Elles claquent comme des coups de fouet.
— Ta gueule.
Un filet de morve coule d’un des larges orifices du nez du
Mulâtre. Il a encore la force de tordre un peu les lèvres pour une grimace
hautaine, insolente, qui cherche à ressembler à un sourire et manque de peu d’y
parvenir.
— Je suis paré pour le grand voyage, commissaire. Ne
vous fatiguez pas, et ne me fatiguez pas.

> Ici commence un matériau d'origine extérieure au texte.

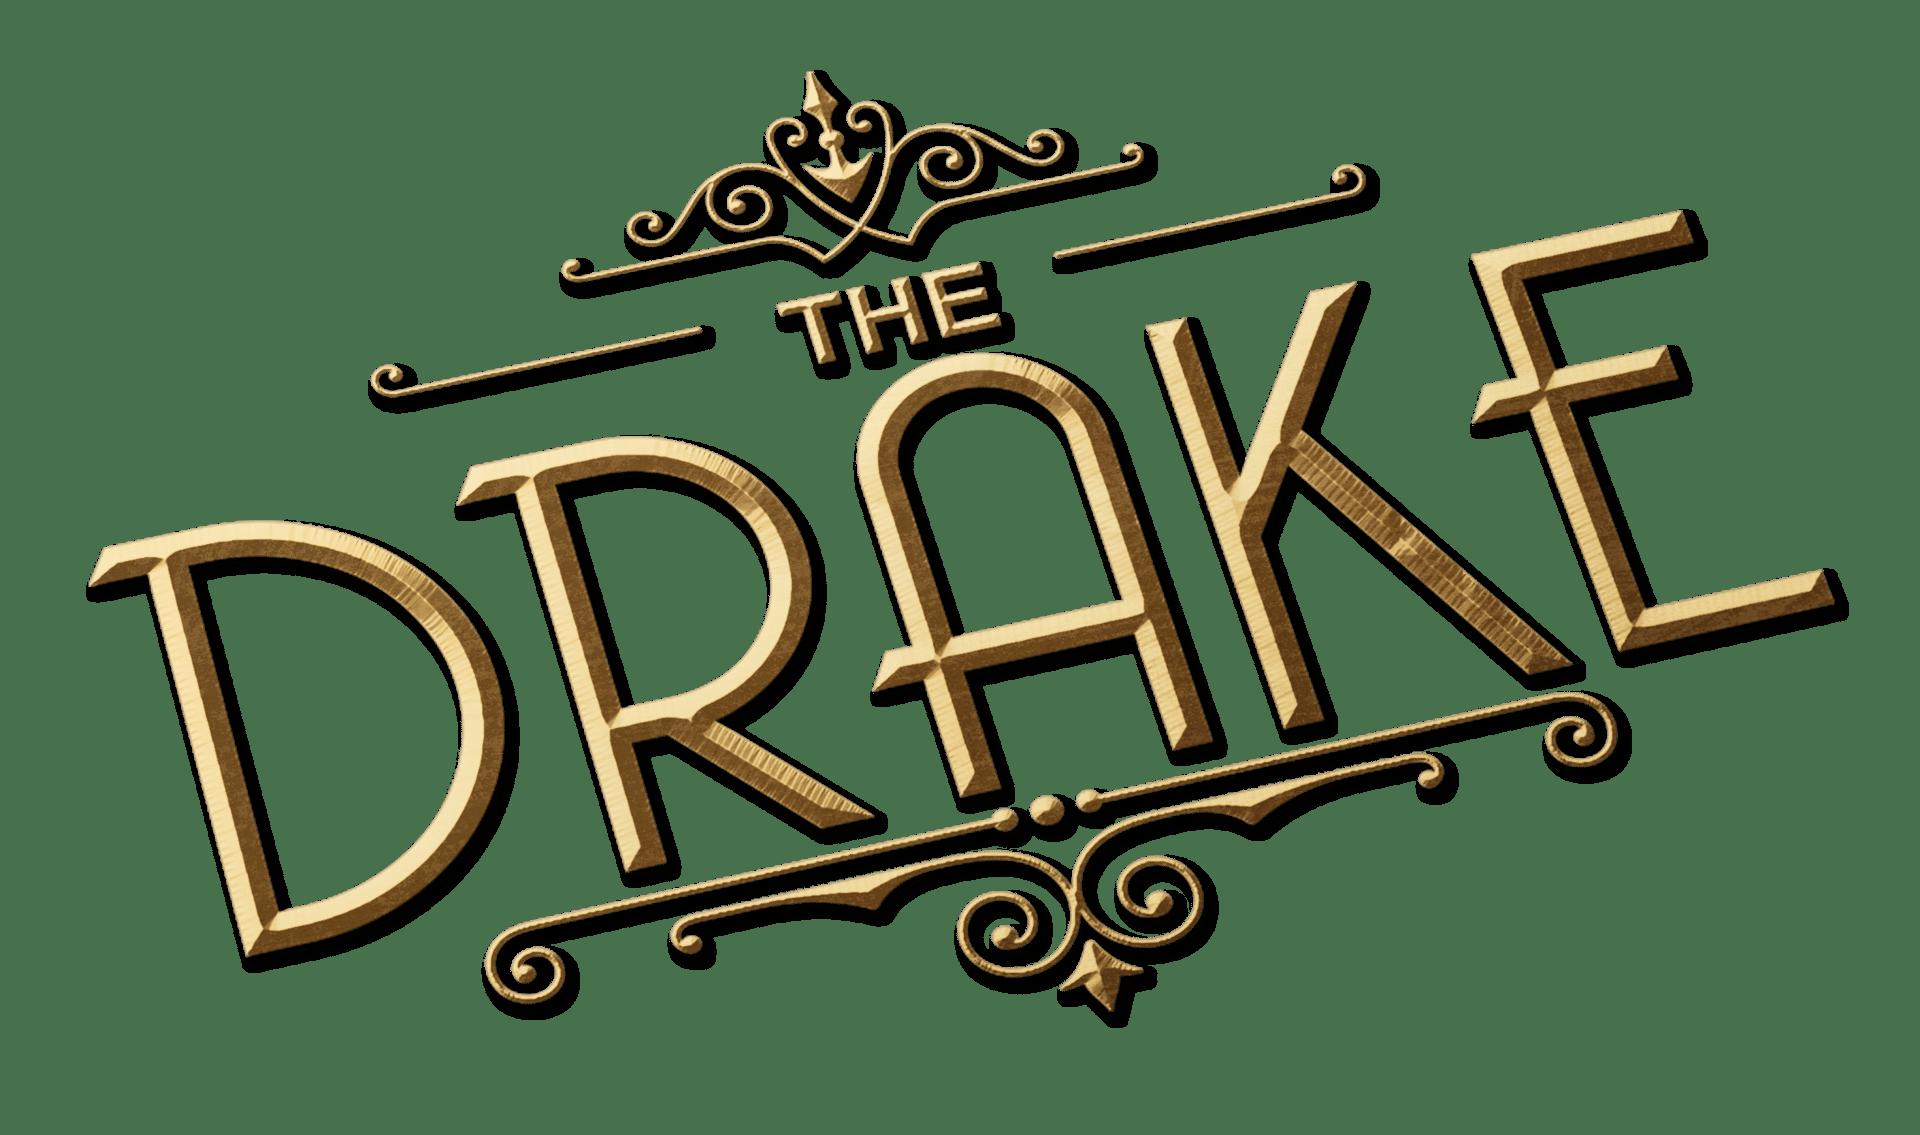 the drake gold logo

— C’est de ça qu’il s’agit, admet Tizón. De nous
fatiguer le moins possible tous les deux… Je te propose donc de me raconter ce
que tu sais, et on te foutra la paix jusqu’à ce que le juge te règle ton sort.
— Un juge, rien de moins. Quel luxe.
Une autre gifle, sèche comme un coup de feu. Cadalso fait un
pas en avant, prêt à intervenir aussi, mais Tizón l’arrête d’un geste. Il peut
très bien se débrouiller seul. Il connaît son affaire.

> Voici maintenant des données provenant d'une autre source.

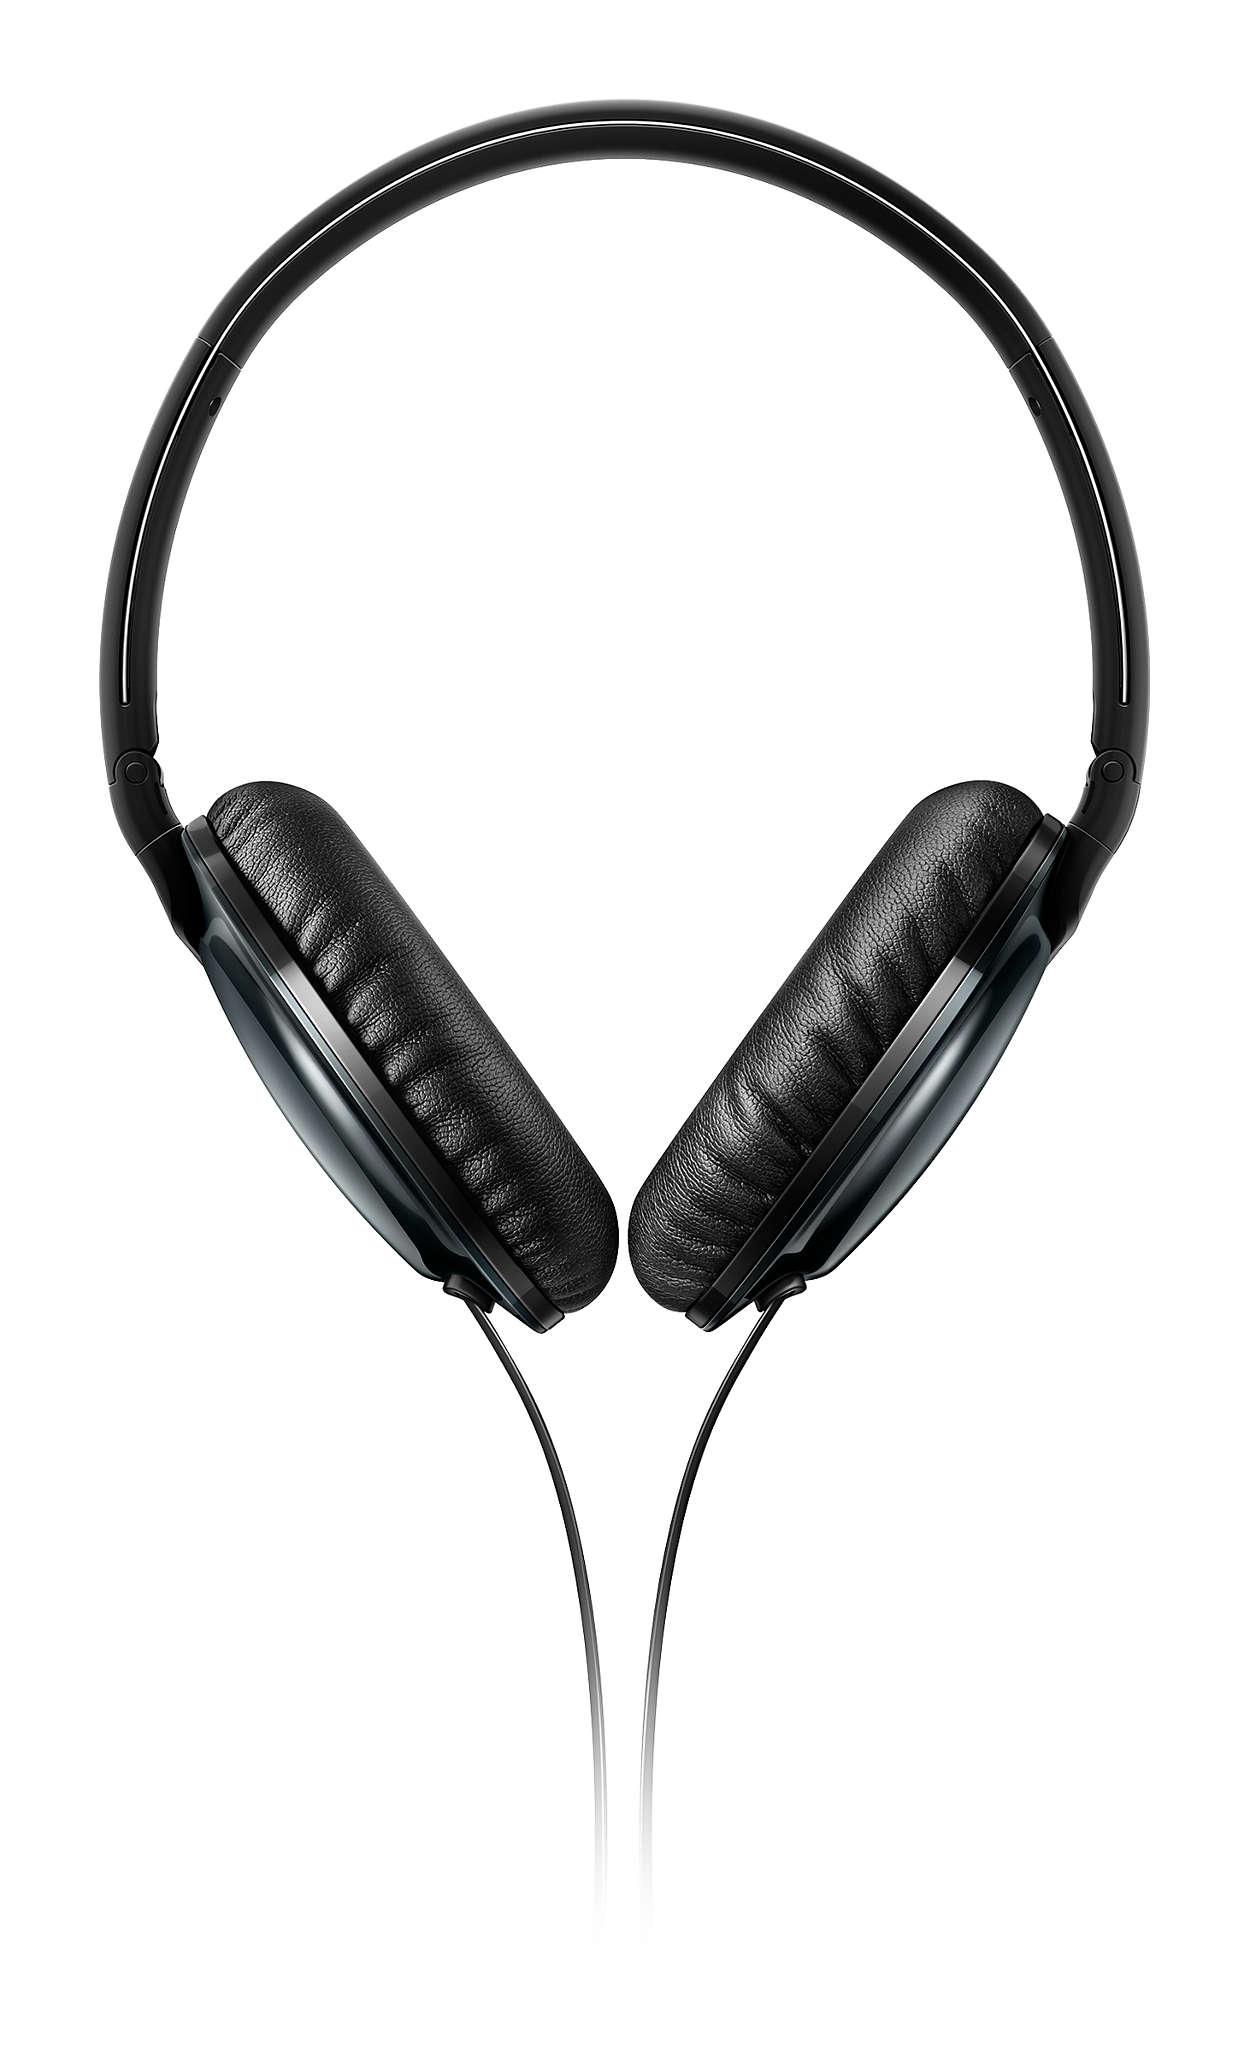 Painovoimaa uhmaavat kuulokkeet

— On va tout te faire cracher, Mulâtre. On n’est pas
pressés, comme tu vois. Mais je peux t’offrir quelque chose. En ce qui me
concerne, je suis disposé à abréger les formalités… Bombes et pigeons… Tu me
suis ?
L’autre se tait, le regard indécis. Fini de crâner. Tizón
qui connaît son métier sait que ce ne sont pas les gifles la cause du changement.

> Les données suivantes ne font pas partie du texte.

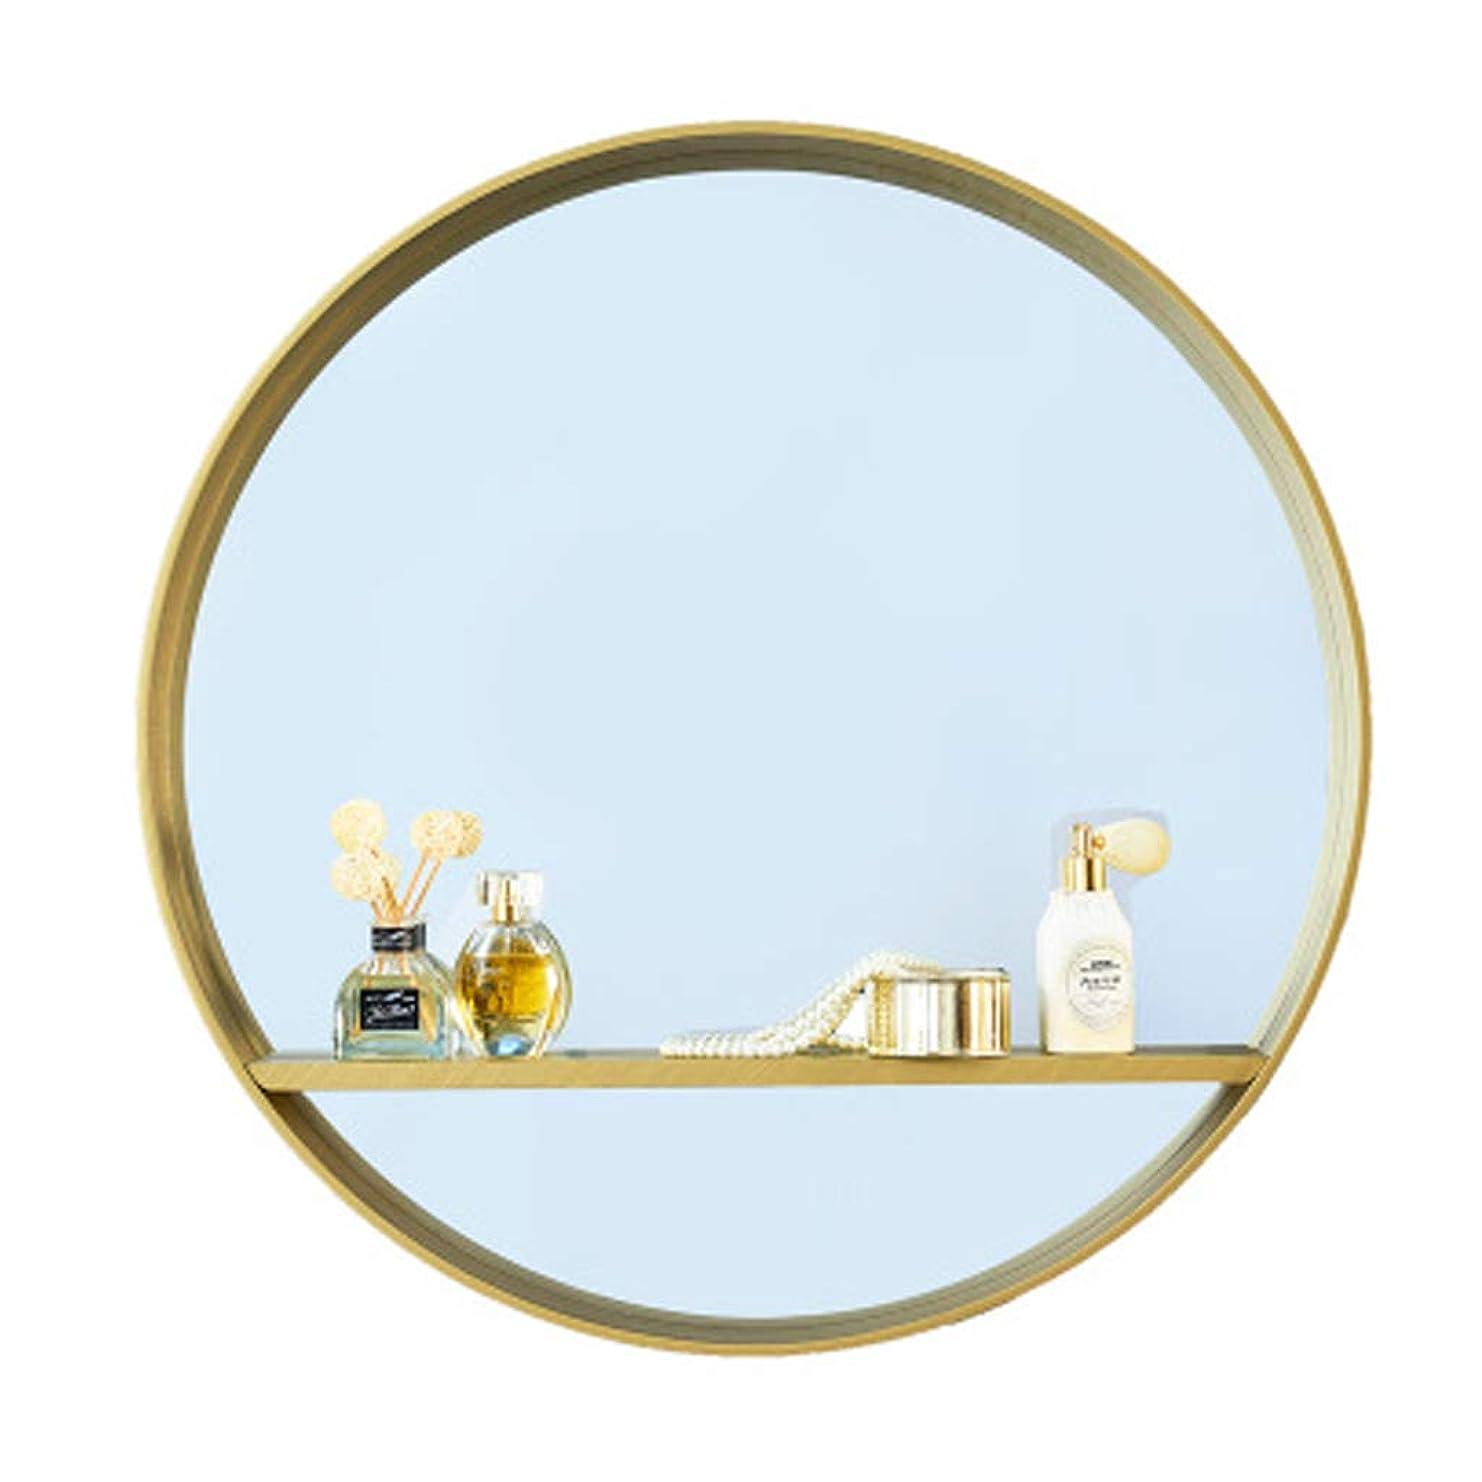 損失重荷中ウォールミラーラウンド木製フレーム付き棚HD化粧鏡化粧台ミラー壁掛けシェービングミラーゴールド直径60 cm

Celles-ci sont seulement une fioriture, comme avec les taureaux vicieux. La faena se passe ailleurs. Dans ce genre d’affrontement, montrer certaines cartes peut
faire des miracles, selon l’individu que l’on a en face de soi. Et il n’y a pas
de carte plus évidente, pour quelqu’un de moyennement intelligent, que de le
regarder droit dans les yeux.
— Qui est celui qui, d’après toi, sait où tombent les
bombes ?… Et pourquoi le sait-il ?
Une autre pause. Celle-ci est très longue, mais Tizón est un
professionnel patient. L’homme regarde la table, puis le commissaire : il
réfléchit. Il est clair qu’il pèse le peu d’avenir qui lui reste. En faisant
des calculs.
— Parce qu’il se charge, dit-il enfin, de vérifier les
endroits où elles tombent, et de transmettre les informations… C’est lui qui
tient les comptes.
Tizón ne veut prendre aucun risque : surtout ne gâcher
aucune possibilité, ne négliger aucune probabilité. Mais ne pas non plus se
faire d’illusions excessives. Pas dans cette affaire. Son ton est aussi prudent
que si les paroles qu’il aligne étaient en cristal de Bohême.
— Est-ce qu’il sait aussi où elles vont tomber ?
Ou bien il l’imagine ?
— Je ne sais pas. C’est possible.
Trop beau pour être vrai, pense le commissaire. Un tir en
aveugle avec un pistolet inconnu. De la fumée, sûrement. Le professeur Barrull
ne manquerait pas de partir tout de suite en courant, mort de rire. Des
conjectures de jeu d’échecs, commissaire. Comme d’habitude, échafaudées en
l’air. Trop cousu de fil blanc, tout ça.
— Dis-moi son nom, camarade.
Il l’a suggéré avec une douceur, un détachement qui
laisseraient penser que, réellement, il s’agit d’une bagatelle. Les yeux noirs
du prisonnier fixent les siens. Puis ils s’en écartent, de nouveau indécis.
— Écoute, Mulâtre… Tu as dit qu’il utilise des pigeons
voyageurs. Il me suffit de chercher qui détient des pigeons, et l’affaire sera
résolue en deux jours. Mais si je dois me débrouiller sans ton aide, je ne te
devrai rien… Tu comprends ?
L’autre avale sa salive, deux fois. Ou il essaye. Peut-être
parce qu’il ne lui en reste plus une goutte. Tizón donne l’ordre qu’on lui
apporte de l’eau, et un sbire va en chercher.
— Et quelle sera la différence ? demande
finalement le Mulâtre.
— Pas grande. Juste que je te devrai une faveur ou que
je ne t’en devrai pas.
L’homme réfléchit en prenant de nouveau son temps. Il ne
regarde plus le commissaire mais le sbire qui revient avec une cruche d’eau.